While the Sod2^-/- mice showed a loss of normal iron homeostasis due to the loss of the anti-oxidant enzyme, the question remained as to what were the underlying molecular mechanism(s) responsible for this defect. We hypothesized that a heme biosynthetic defect might exist that could explain parts of the phenotype. Understanding that ferrochelatase (FECH) is an iron-sulfur cluster enzyme and sensitive to increases in nitric oxide, we investigated if FECH activity was sensitive to the increase in superoxide oxidative stress in Sod2^-/- mice. By measuring the amount of zinc incorporated into deuteroporphyrin over time in vitro, it was observed that the Sod2^-/- marrow had approximately 50% less FECH specific activity compared to Sod2^L/L marrow with only a slight change in FECH protein levels (Fig. 5A-B).
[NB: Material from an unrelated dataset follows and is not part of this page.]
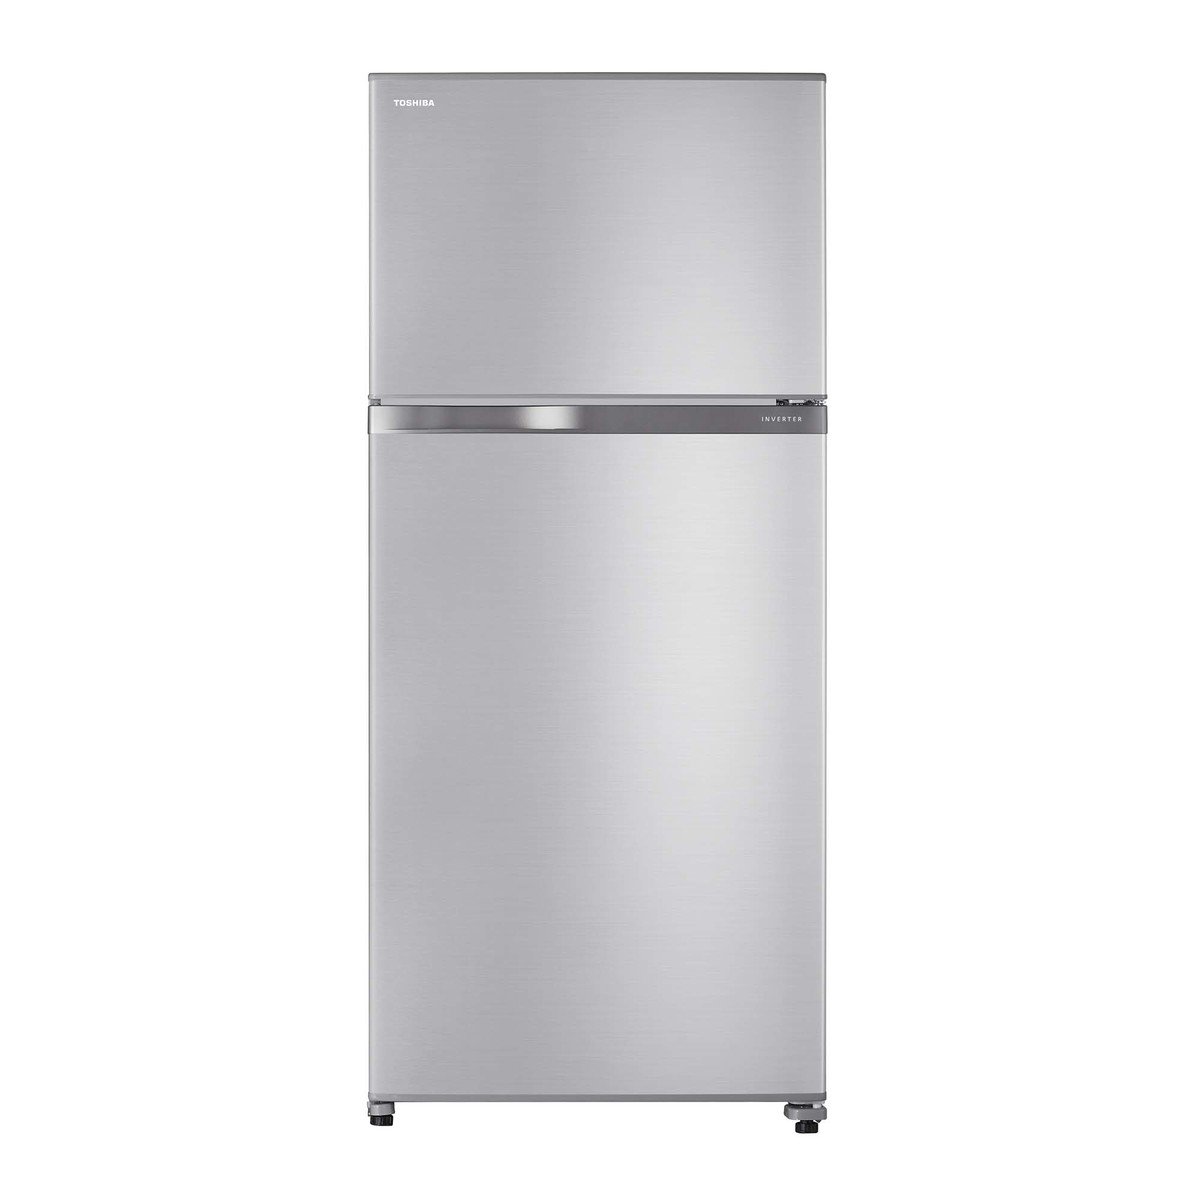 Toshiba Double Door Refrigerator, 608L, Silver, GRA820U-X(S)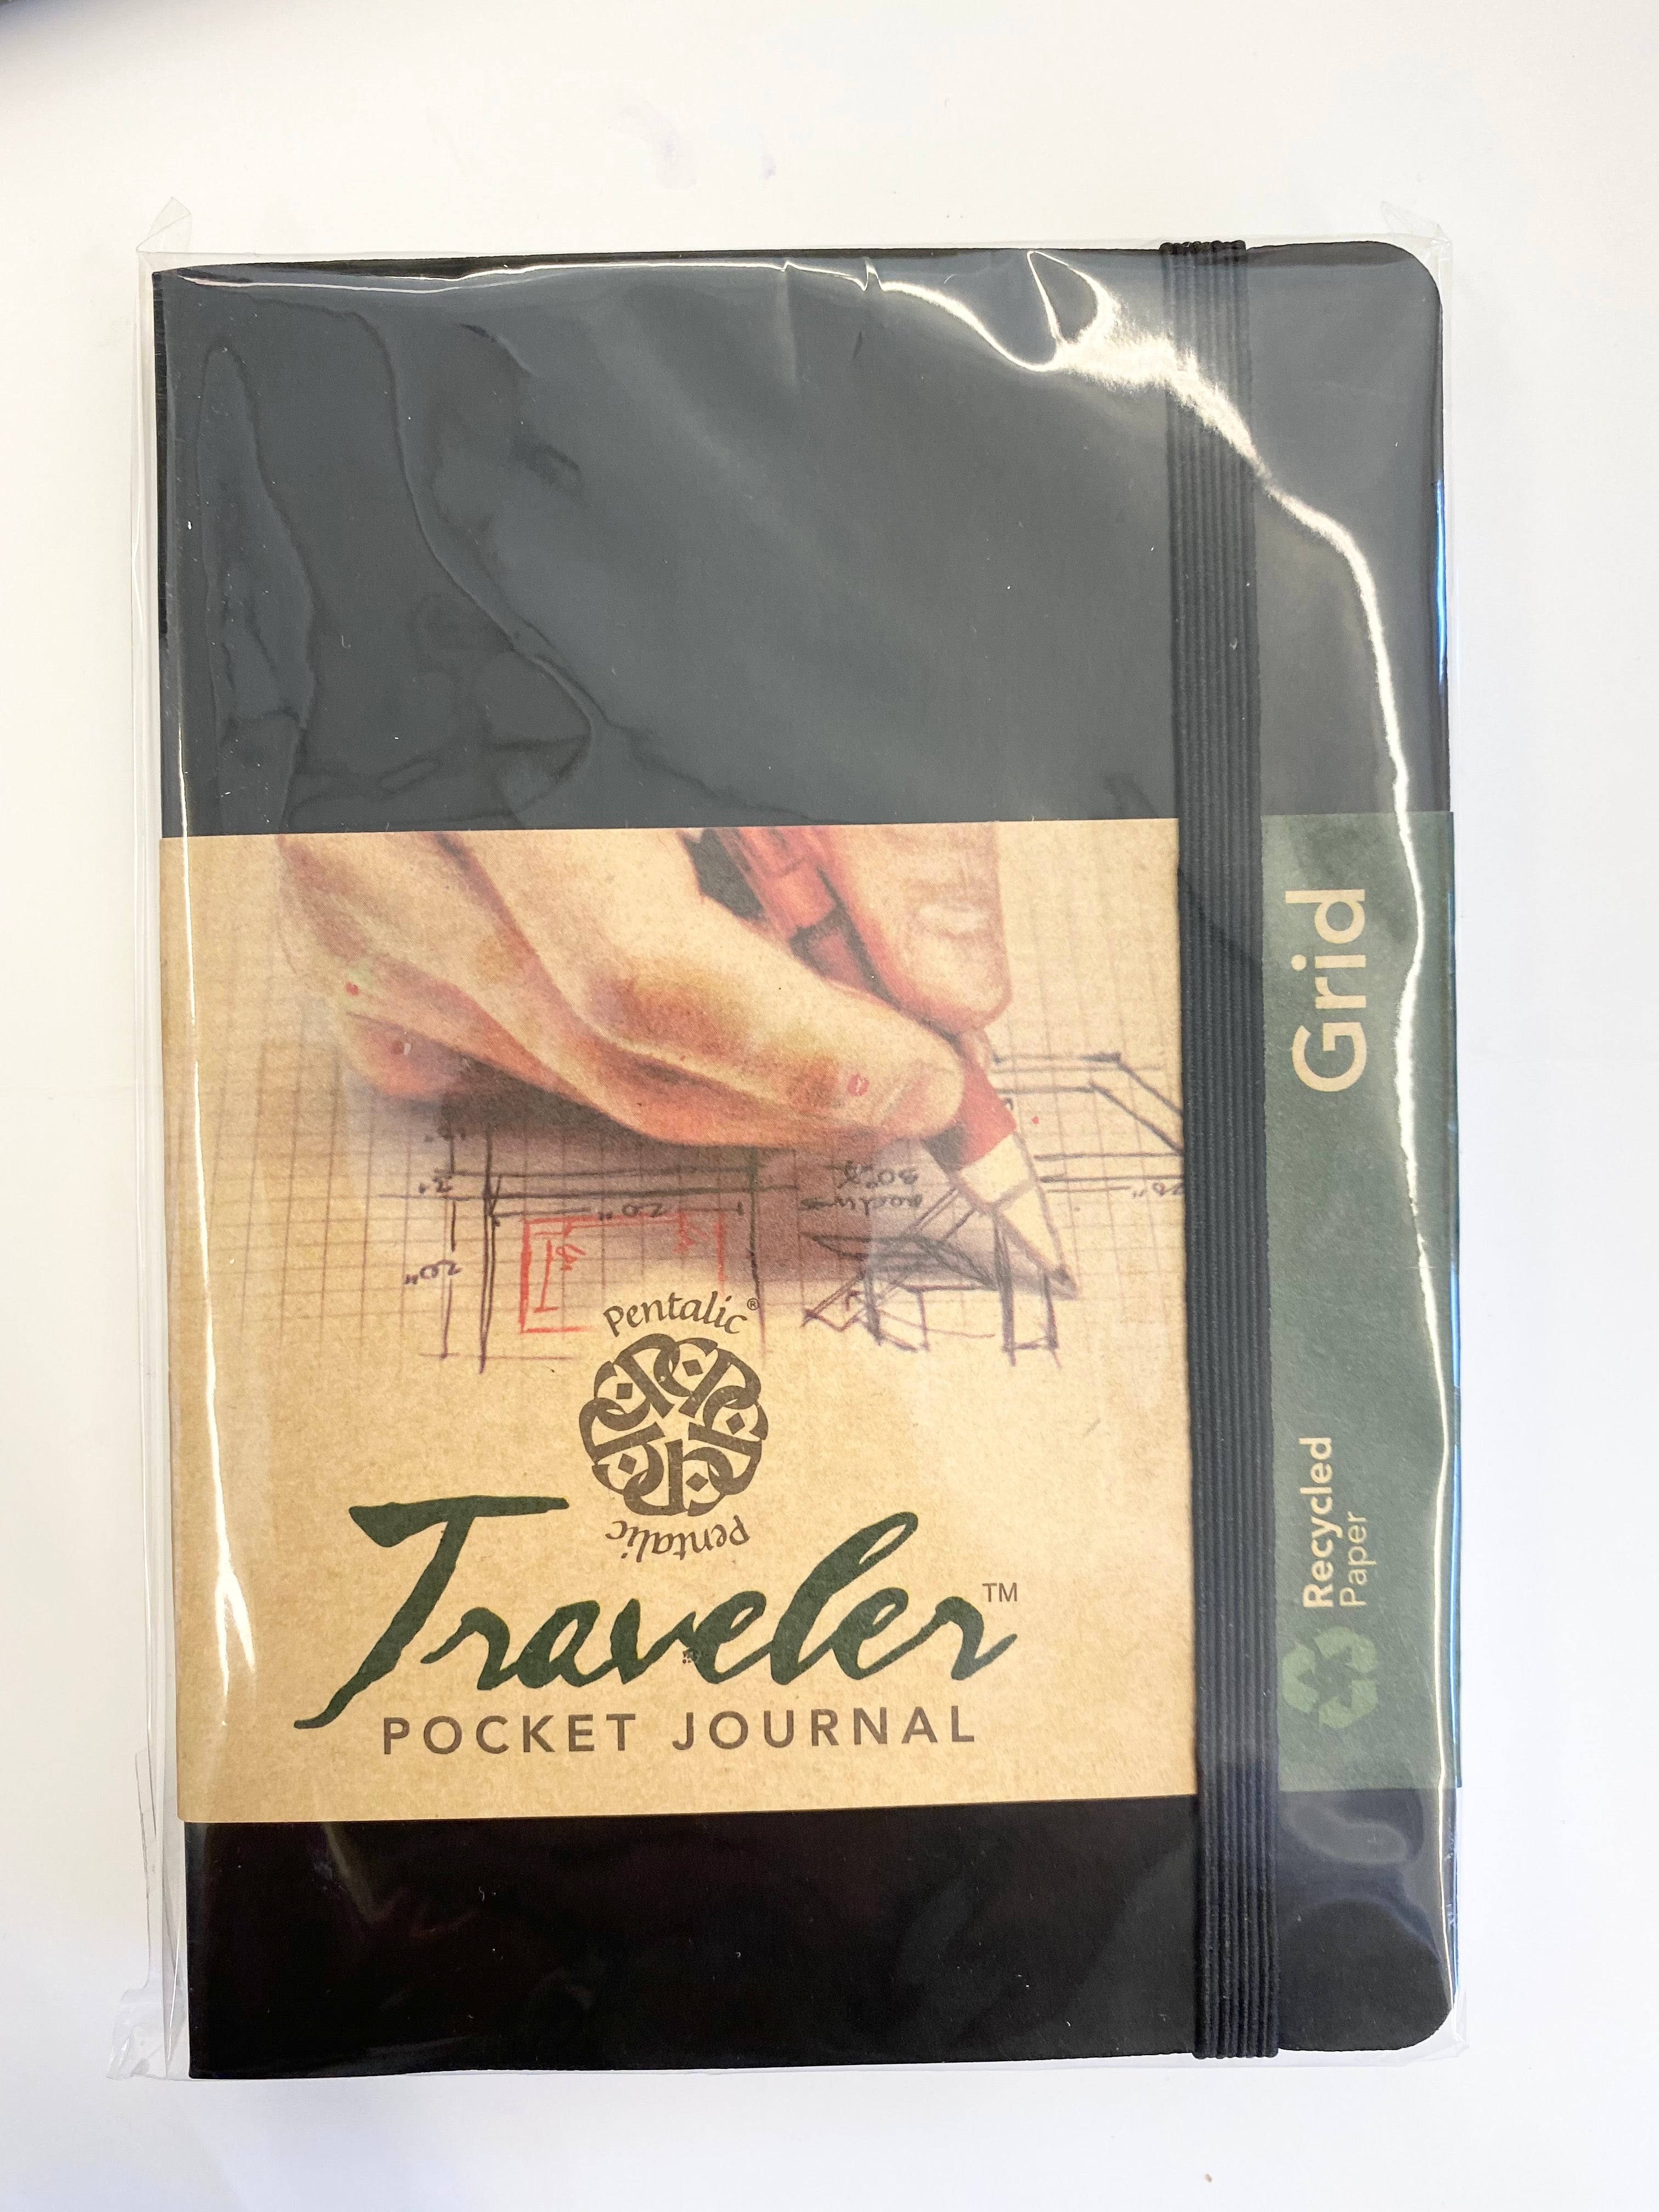 DRAWING SKETCHBOOKS & JOURNALS - Pentalic traveler pocket journal

This finding correlated with our previous observation indicating a 50% decrease in hemoglobin in Sod2^-/- peripheral blood (Fig. 2B). Additionally, an assay to measure total iron-free macrocycles demonstrated an approximate 10-fold increase in macrocycles in both the blood and feces of Sod2^-/- mice (Fig. 5C). Furthermore, small but significant increases in macrocycles were noted in the plasma and urine. Taken together, these data suggest heme synthesis is at least impaired at the level of iron insertion to porphyrin by FECH, and may in part contribute to the observed phenotype in Sod2^-/- mice.

Figure. 5. Ferrochelatase activity is decreased by increased mitochondrial superoxide.

(A) Ferrochelatase (FECH) activity assay performed on bone marrow extracted from 6-week old animals. Left, data displayed as absorbance of zinc-incorporated porphyrin over time. Solid line indicates Sod2^L/L, dotted line indicates Sod2^-/-. Right, quantification of FECH activity. Specific activity calculated based on relative FECH protein levels (panel B). Three mice of respective genotypes were analyzed per experiment; data are shown as mean and s.d. Where applicable, * = p<0.01 or ‡ = p<0.05 by Student's t-test versus Sod2^L/L. (B) Western blot analysis for ferrochelatase (FECH) protein in bone marrow from 6-week old Sod2^L/L or Sod2^-/- mice. β-actin (ACTβ) shown as loading control. Quantification normalized to ACTβ, then to Sod2^L/L using ImageJ software. (C) Spectrophotometric assay of iron-free macrocycles in various tissues in 6-week old Sod2^L/L or Sod2^-/- mice. Closed bars indicate Sod2^L/L, open bars indicate Sod2^-/-. Data normalized to respective Sod2^L/L tissue.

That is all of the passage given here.